◆ **WORK ORDER**: Restate the listing below word for word, and leave its pictures behind.

◆ **STORED DATA**:
>>>>>
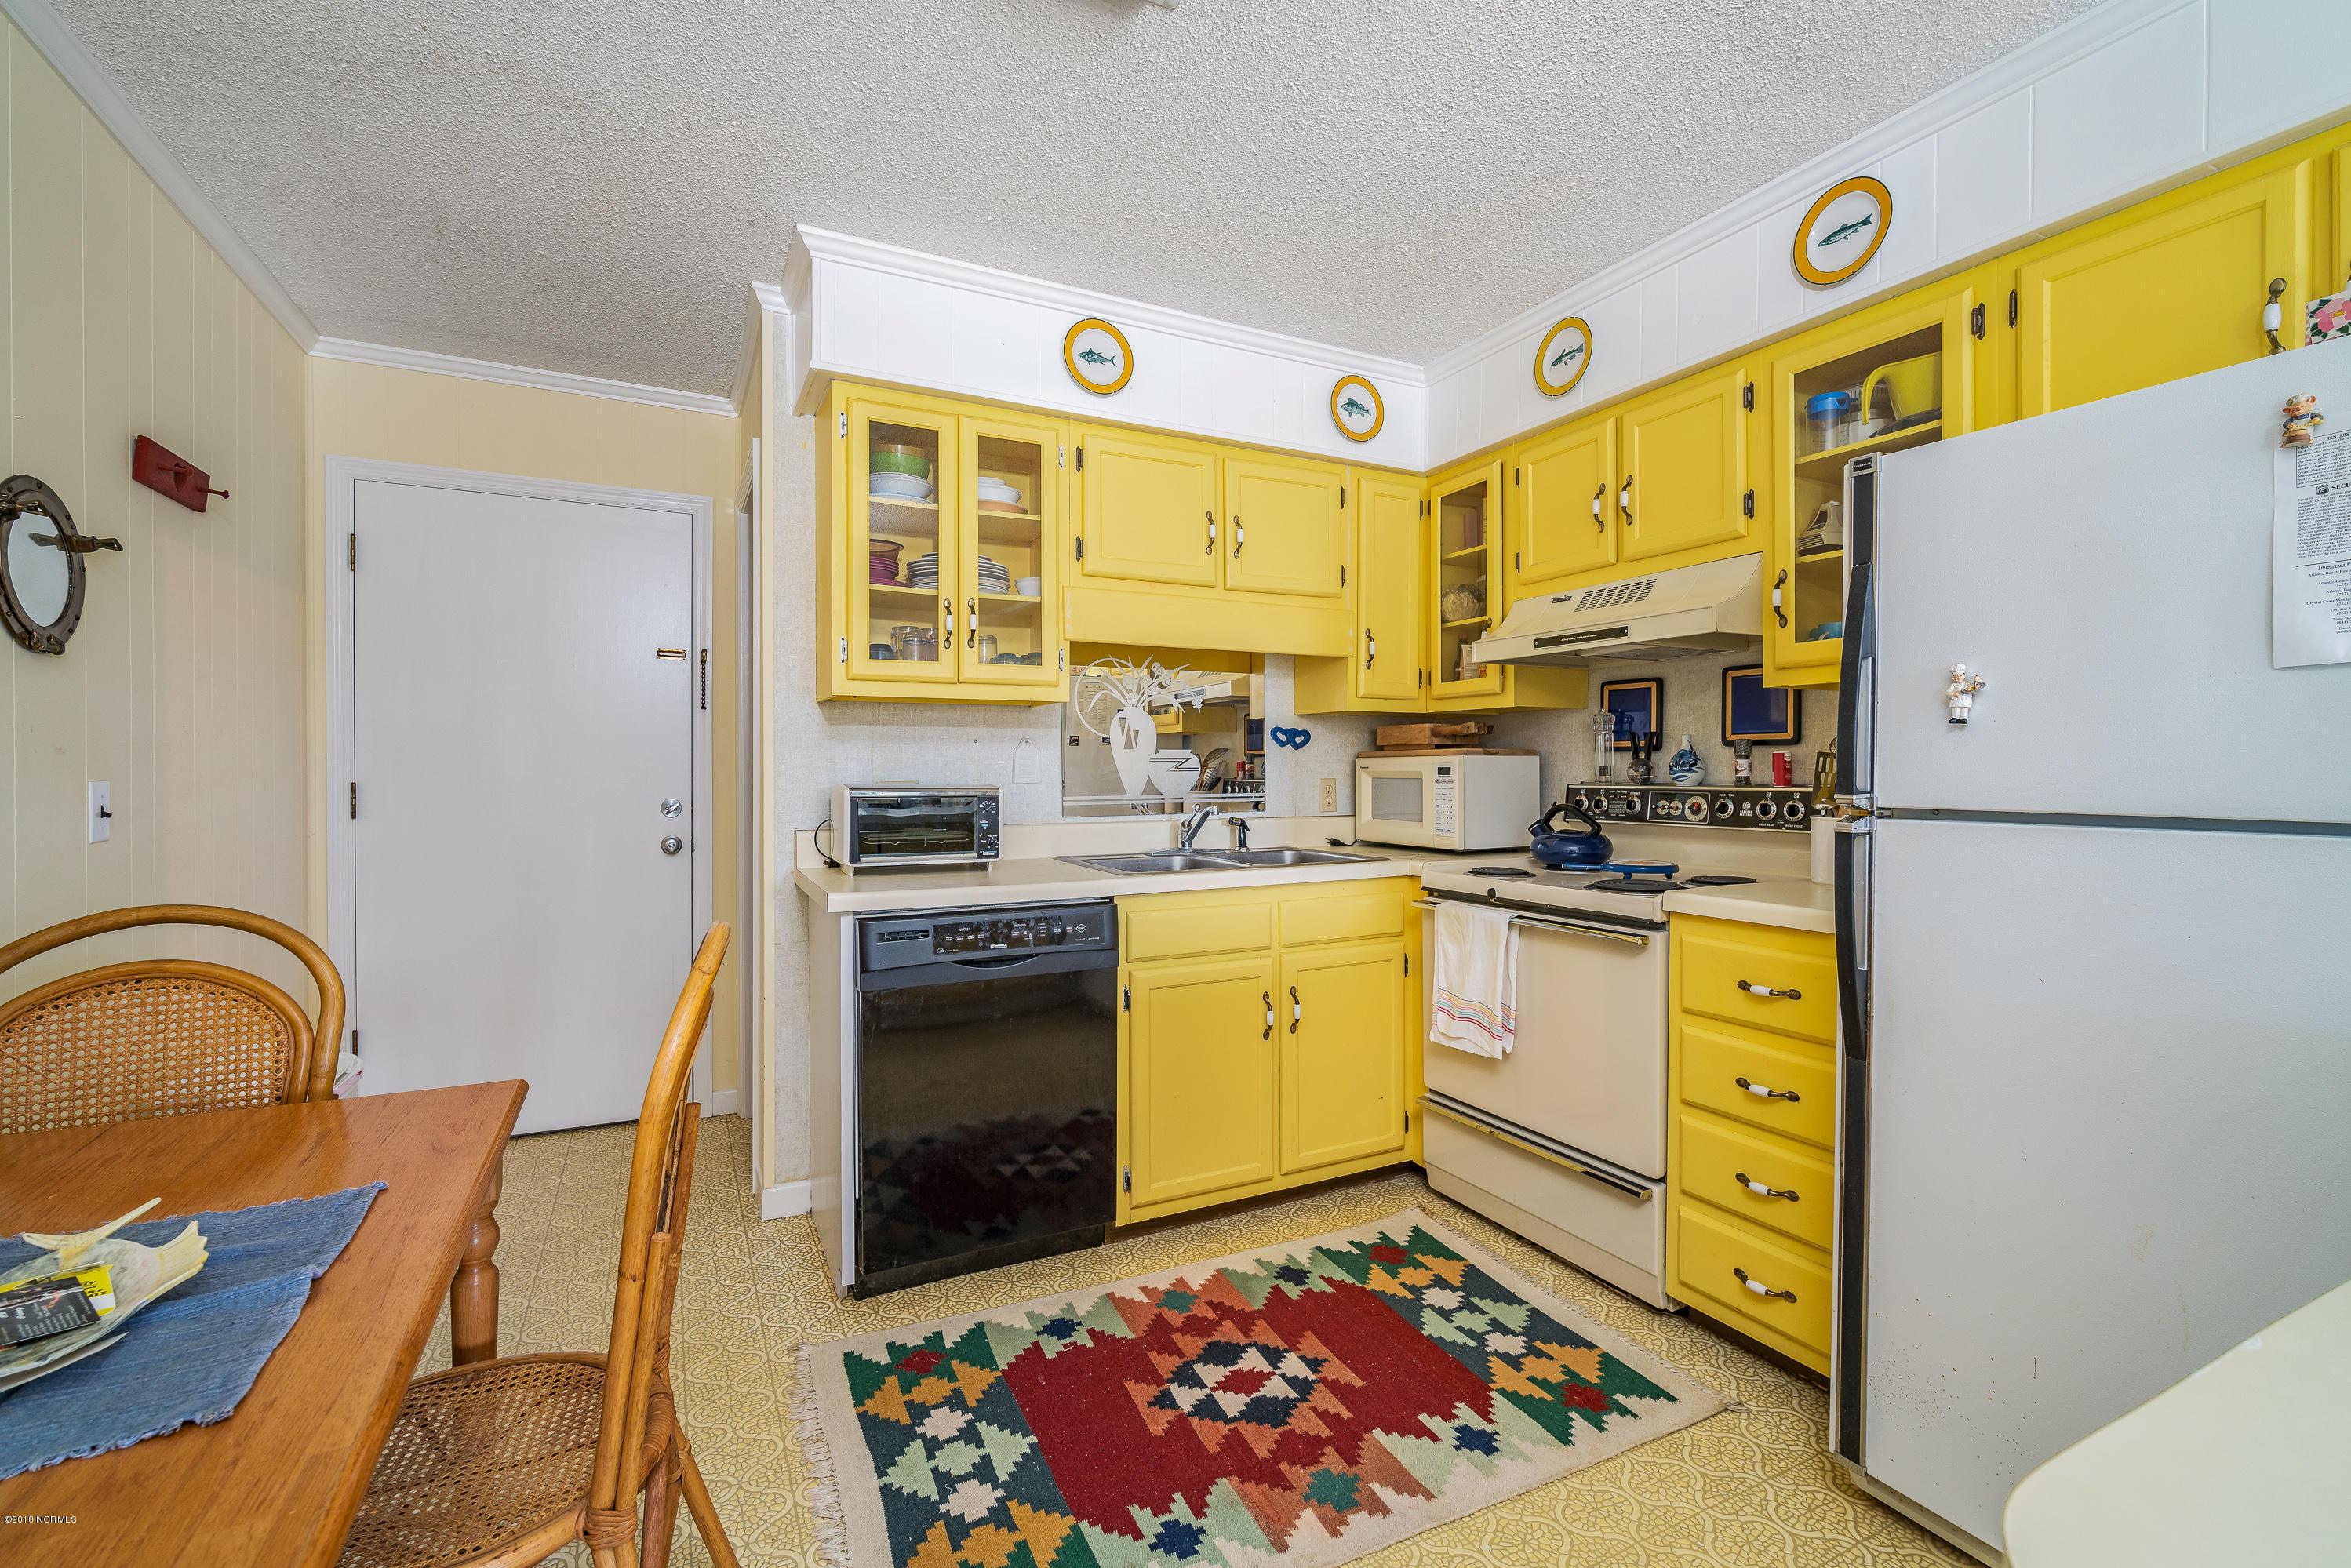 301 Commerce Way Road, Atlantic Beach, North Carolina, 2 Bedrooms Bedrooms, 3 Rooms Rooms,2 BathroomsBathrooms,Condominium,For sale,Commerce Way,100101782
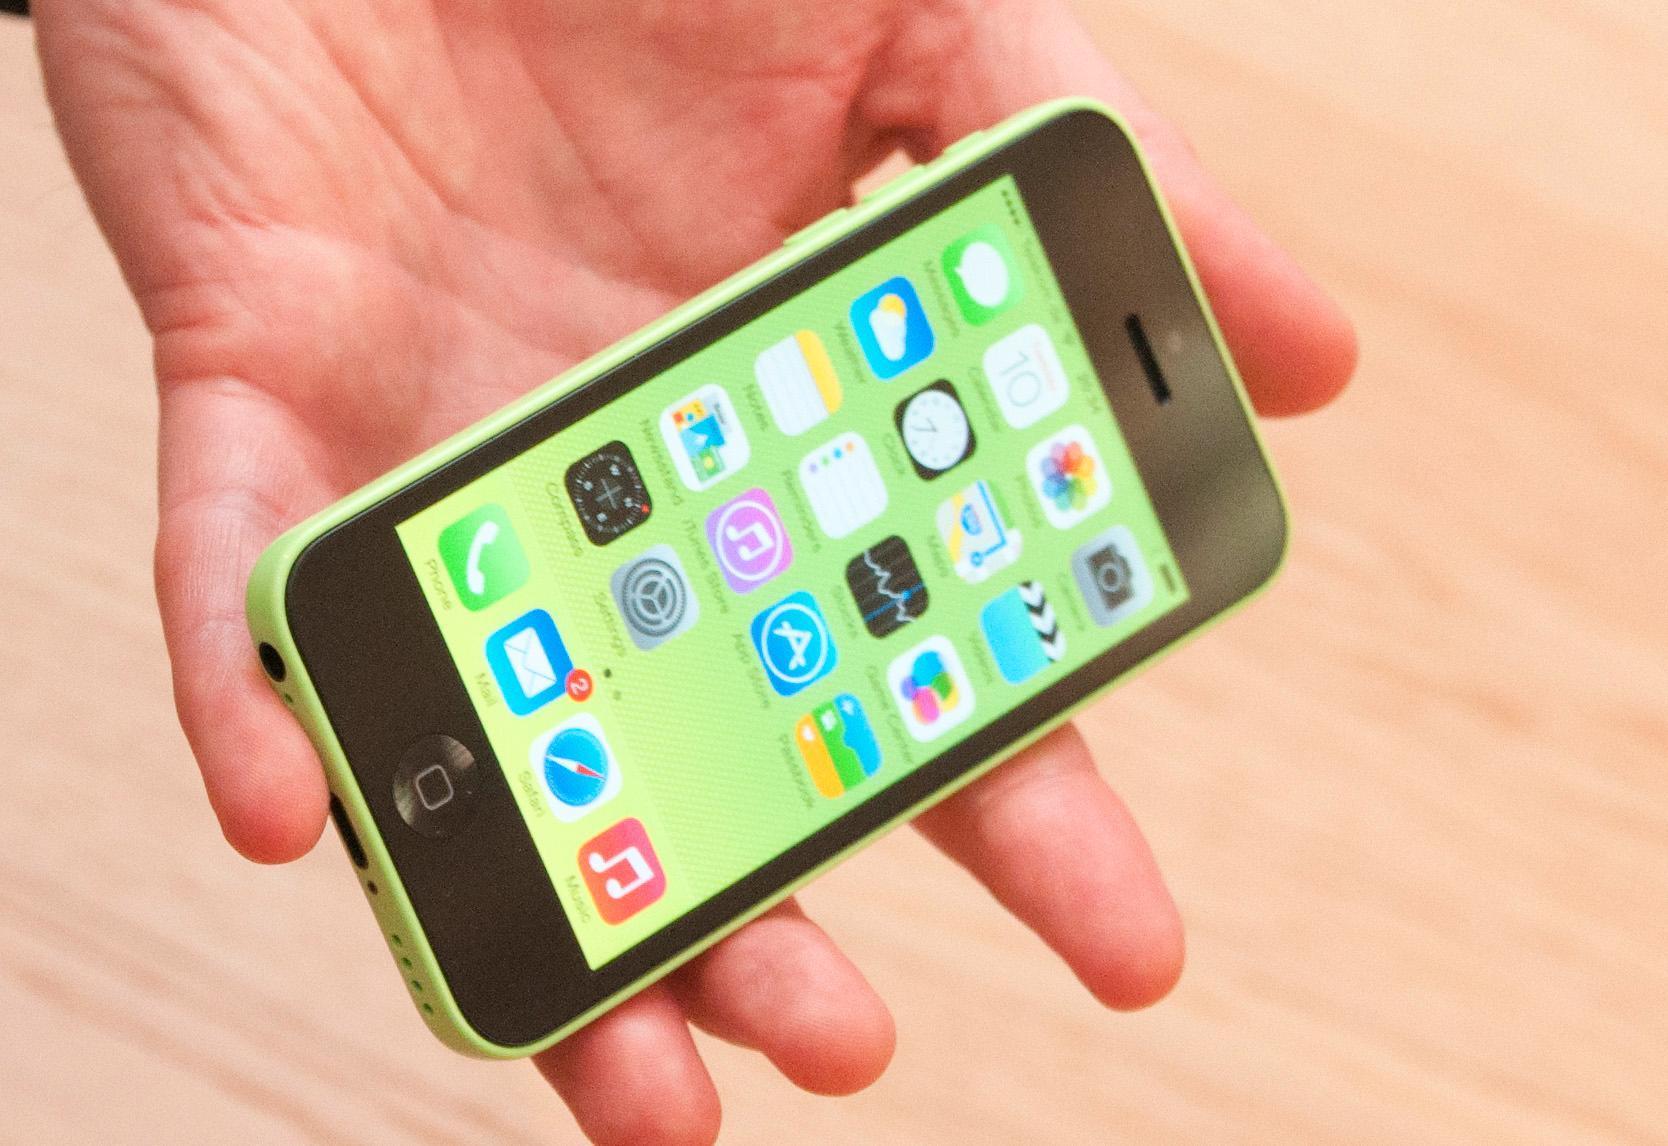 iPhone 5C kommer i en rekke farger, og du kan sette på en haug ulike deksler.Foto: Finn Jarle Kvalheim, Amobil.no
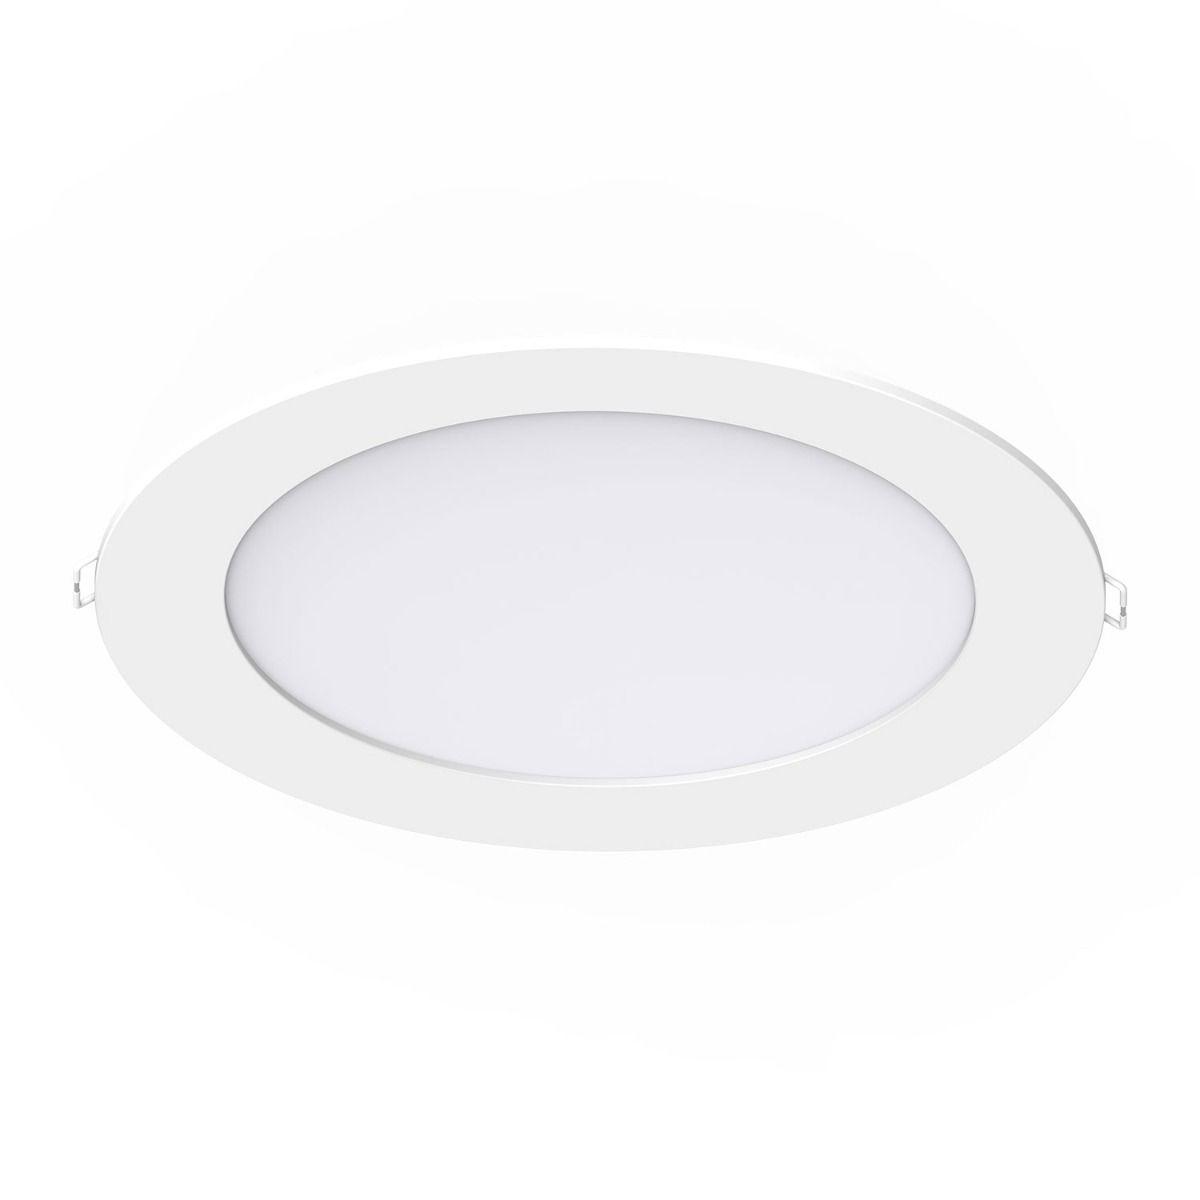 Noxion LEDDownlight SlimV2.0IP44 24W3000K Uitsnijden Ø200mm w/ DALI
<<<<<
◆ **RESPONSE TO THE TASK**:
 301 Commerce Way Road, Atlantic Beach, North Carolina, 2 Bedrooms Bedrooms, 3 Rooms Rooms,2 BathroomsBathrooms,Condominium,For sale,Commerce Way,100101782
 iPhone 5C kommer i en rekke farger, og du kan sette på en haug ulike deksler.Foto: Finn Jarle Kvalheim, Amobil.no
 Noxion LEDDownlight SlimV2.0IP44 24W3000K Uitsnijden Ø200mm w/ DALI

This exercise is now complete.